If I hadn't ever started this blog, I'd have avoided an awful lot of trouble. Some people have read this over the years and recognised themselves in it - ex-Liz, friend Liz, Fay, Lindsay - to name just a few. None of them were happy to see it. It was a mistake every time to let other people into my diary. I don't mind random people from the internet seeing it and occasionally (but rarely) commenting on it, because they aren't likely to know me. I quite like writing things safely, but airing them in public. Anyway, if I hadn't have kept this diary, I wouldn't have upset all these people - who at one time or other meant a lot to me. I'm still in touch with both Liz's, fortunately. I also wouldn't have had a record of the last 4 years of my life, which wouldn't have reminded me of how my life once was. It's like a living record of me aging, and it makes me sad to reflect that I'm no longer as young as I once was. I'm hardly old (24), but I'm only getting older, and yes - silly as it sounds - it does make me feel rather melancholy. This blog reminds me that once, I was 20 - and I didn't care one little bit about getting older. My problems revolved around women (or the lack of), stupid crushes and idiotic university troubles.
These days, I have to worry about:
My (serious) relationship with Sally. Part of me loves her, but part of me has doubts. Sometimes, I can't see myself with anyone else. Sometimes, part of me thinks "what the hell am I doing with her?".
Where I live. I want desperately to go back to South East London (my home), because I hate it here in West London. I've had an awful time of things since I moved to Ealing, and I just want to get away from here, back to where I call home and be closer to my friends and family. But Sally won't move, understandably, and to move away would destroy our relationship. I also wouldn't be able to afford to rent a decent place on my own, and am in no position to buy a place. I want to leave, but I can't.

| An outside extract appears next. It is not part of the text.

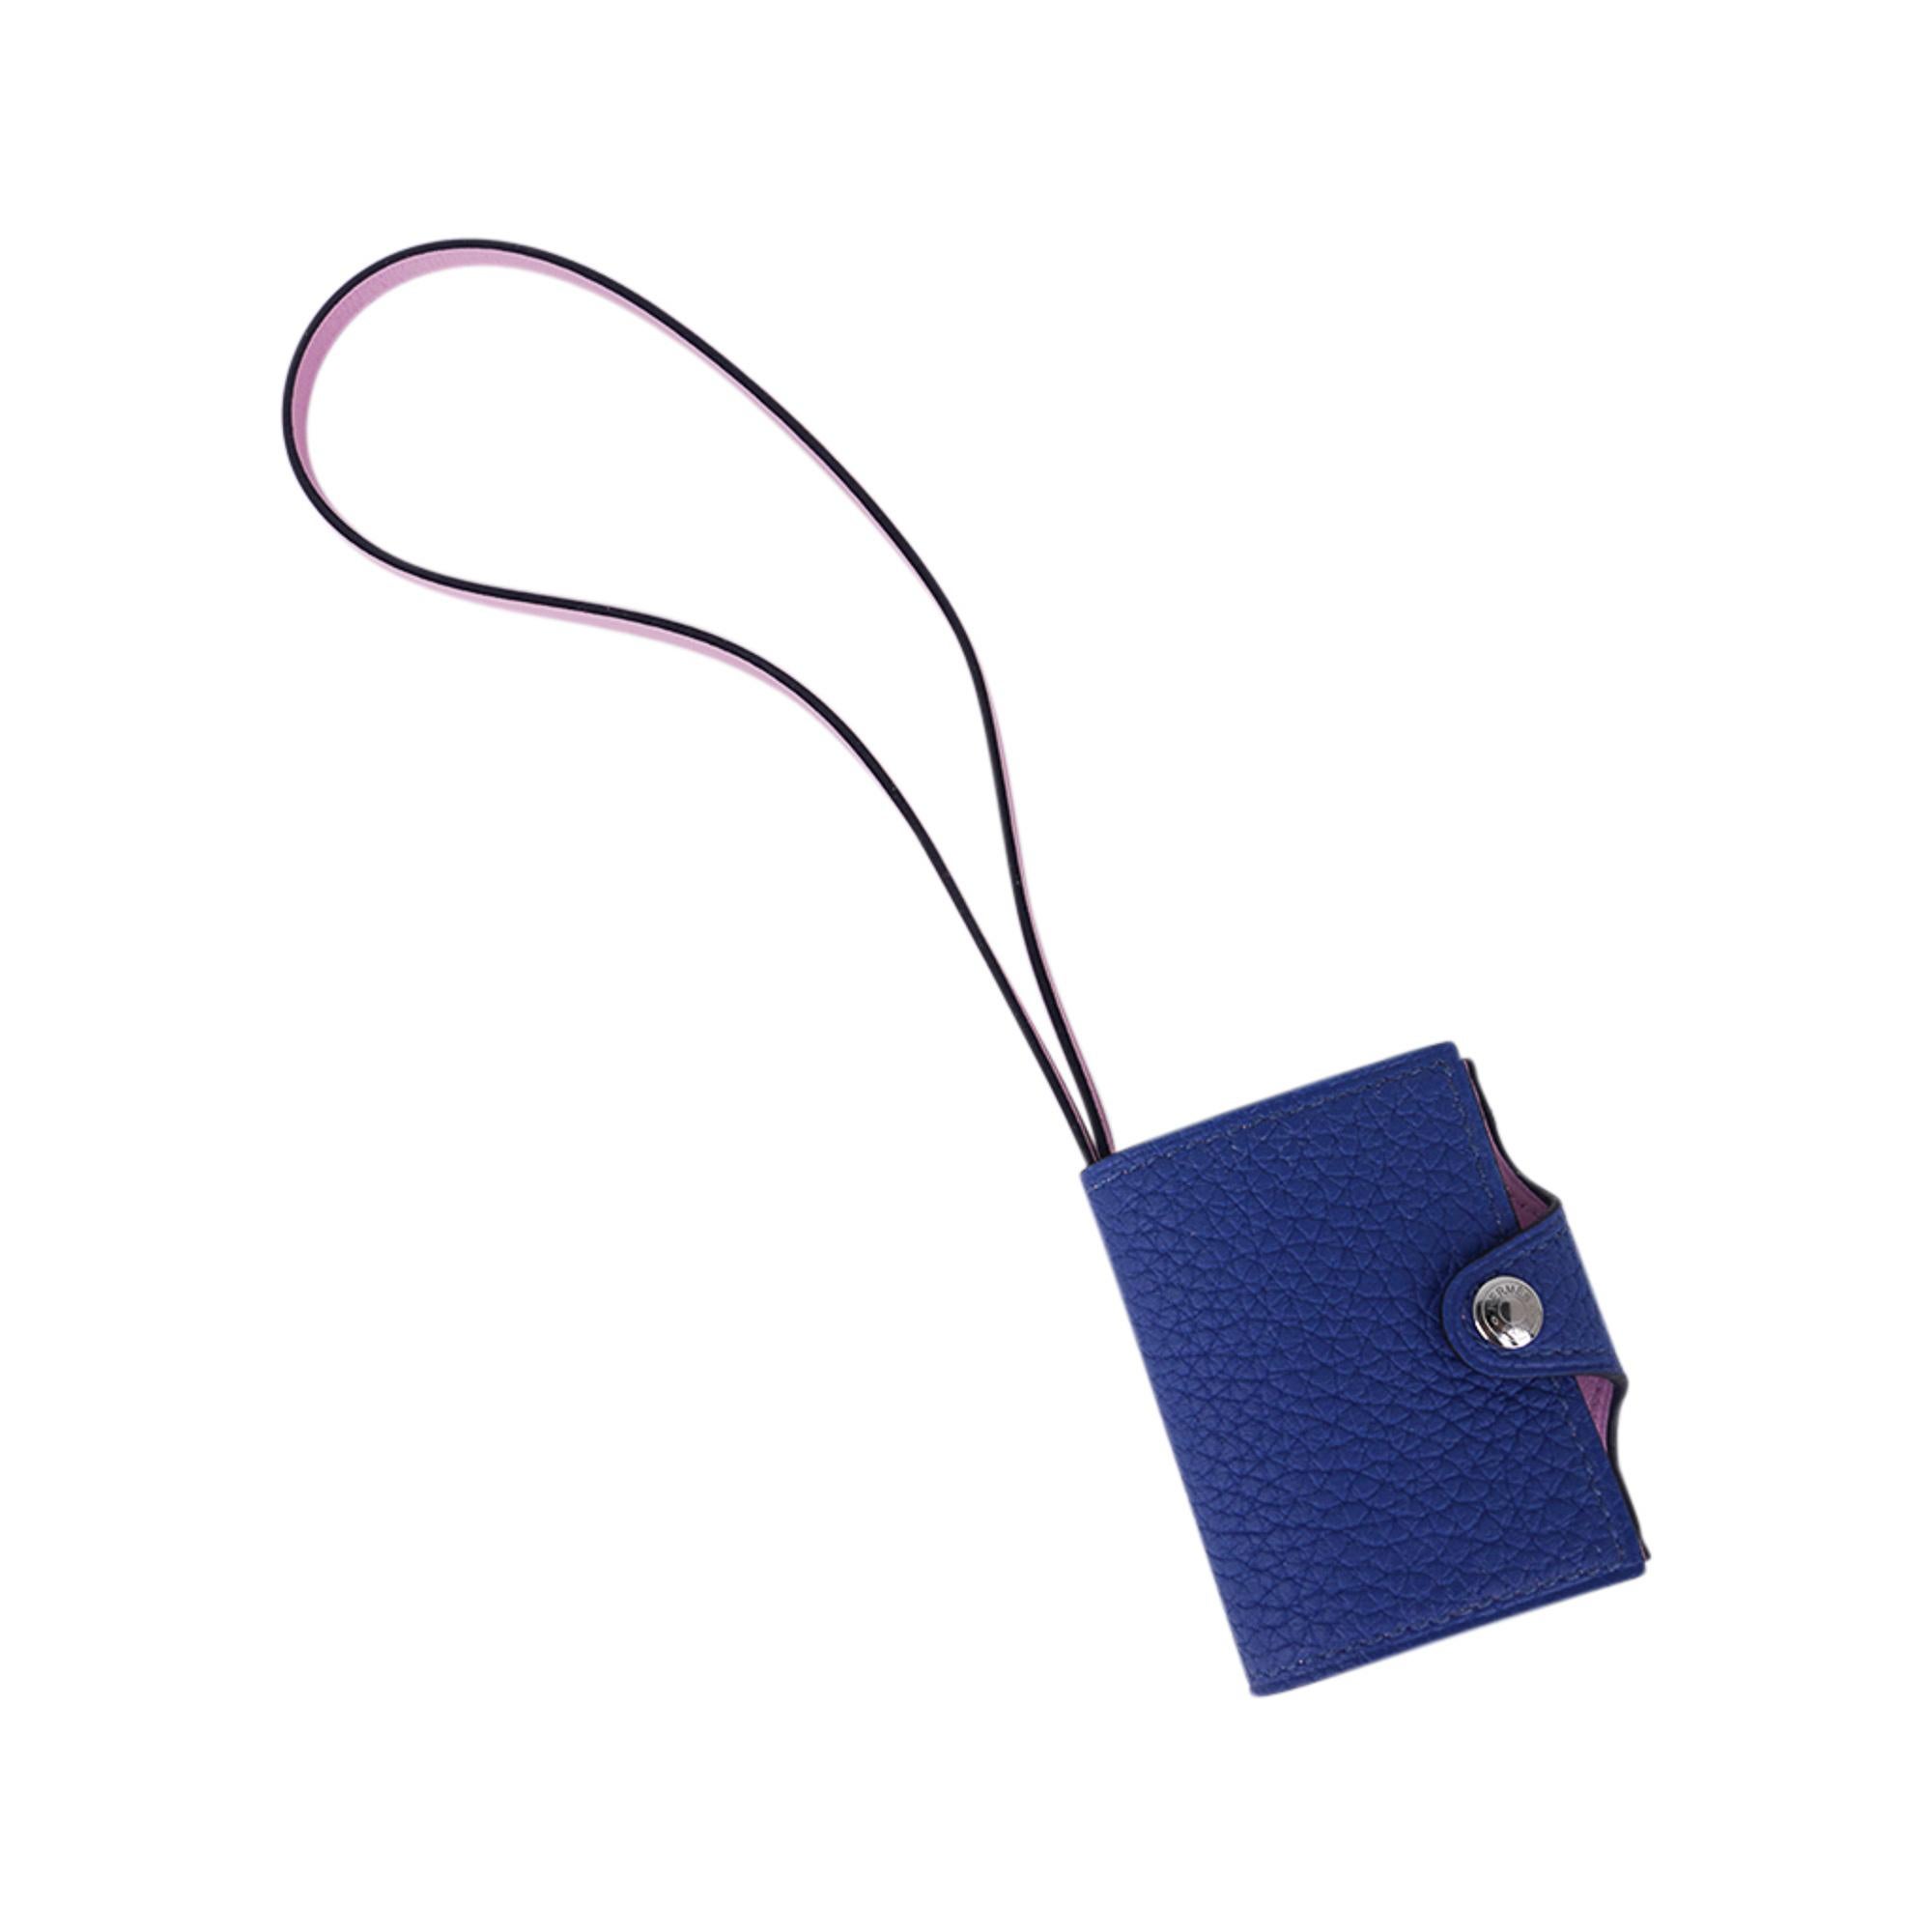 Hermes Ulysse Nano Bag Charm Blue de France / Mauve Sylvestre For Sale 6

My job. When I started working in film and television, I felt so lucky and privileged to be working in an exciting industry that so many people want to join. I was getting paid to do a job I loved, but then the work dried up. Maybe I wasn't "popular" enough - which I think is most likely. I was really, really upset when I left the BBC. Ever since then, I've held down a succession of crap temp jobs, and now I'm working in a "career job" that has turned out to be nothing like I believed it would be. I want to join the Met Police full-time as a regular officer, but it's taking ages - and I've got absolutely zero support from my parents. It doesn't change my views on joining up, but it does make it much, much harder. The Civil Service may bore me to tears, but at least it's comfortable and not a leap into the unknown.
So, Relationship, House, Job. I guess things don't come much more serious than that. By way of a distraction, I looked Lindsay up on AOL Messenger and followed a link through to some of her pictures posted online. I'm not raking up the past (I really don't want to go there - it's far too painful, and literally hurts my stomach when I think about things too long), but she looks happy, fun-loving and settled. Contrast that with me, and you can see that she had the right idea about things.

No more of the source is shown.